The `COUNT()` function allows you to quickly count rows.

```sql
SELECT COUNT(*)
FROM IMDB.movies ;
```

`COUNT()` takes a column as a parameter and counts the number of rows other than `NULL` in that column. It is also possible to count all rows using `*` as a parameter of the function. By adding a condition, for example using `WHERE`, it is possible to extract very useful information from a given Dataset.

Have you ever watched a movie that looked like it would never come to an end?

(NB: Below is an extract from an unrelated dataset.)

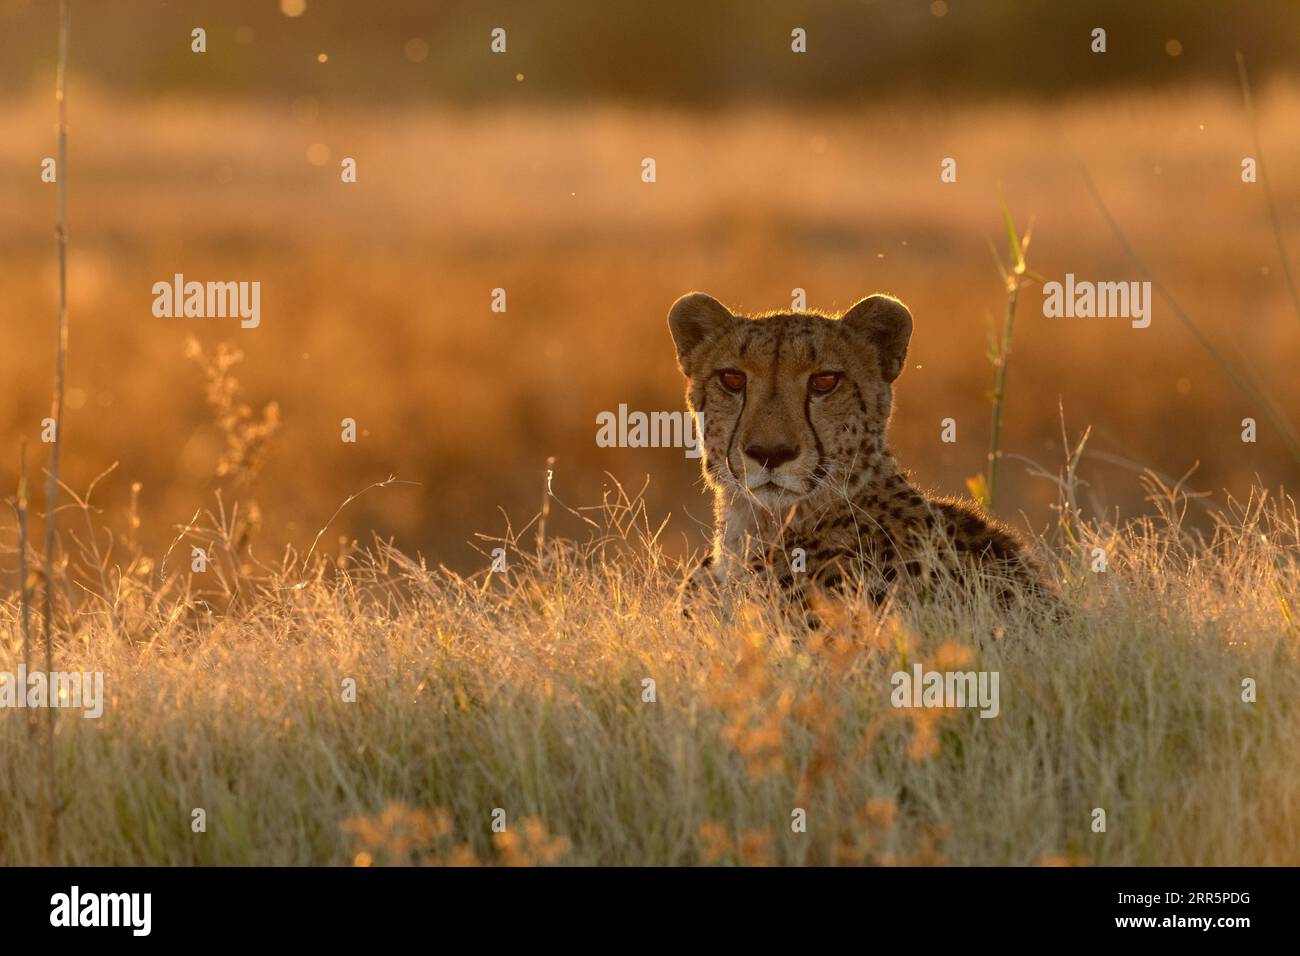 Ein Gepard ruht im goldenen Nachmittagslicht, das sein Gesicht hinterleuchtet. Okavango Delta, Botsuana. Stockfoto

Use `COUNT()` to see how many movies are longer than *4 hours*:

```sql
SELECT COUNT(*)

FROM IMDB.movies

WHERE duration > 240;
```

In this example, we count all rows in our table that are longer than *240 minutes* (4 hours).

## GROUP BY

### General Use

`GROUP BY` is one of the most useful query when using aggregation functions, and can only be used with aggregation functions. You will often couple this query with `SELECT`.

```sql
SELECT title_year, COUNT(*) as cnt_movies_per_year FROM IMDB.movies
GROUP BY title_year
ORDER BY cnt_movies_per_year DESC;
```

In the above example, `COUNT()` is the aggregation function. We grouped rows counted by `COUNT()` by `title_year`: this will return the number of movies released each year.

We can also sort our results by the aggregation function. Here we have sorted the number of movies released per year from the largest to the smallest.

**NB1**: the aggregation function in `ORDER BY` is not necessarily the same as the one in the `SELECT` query.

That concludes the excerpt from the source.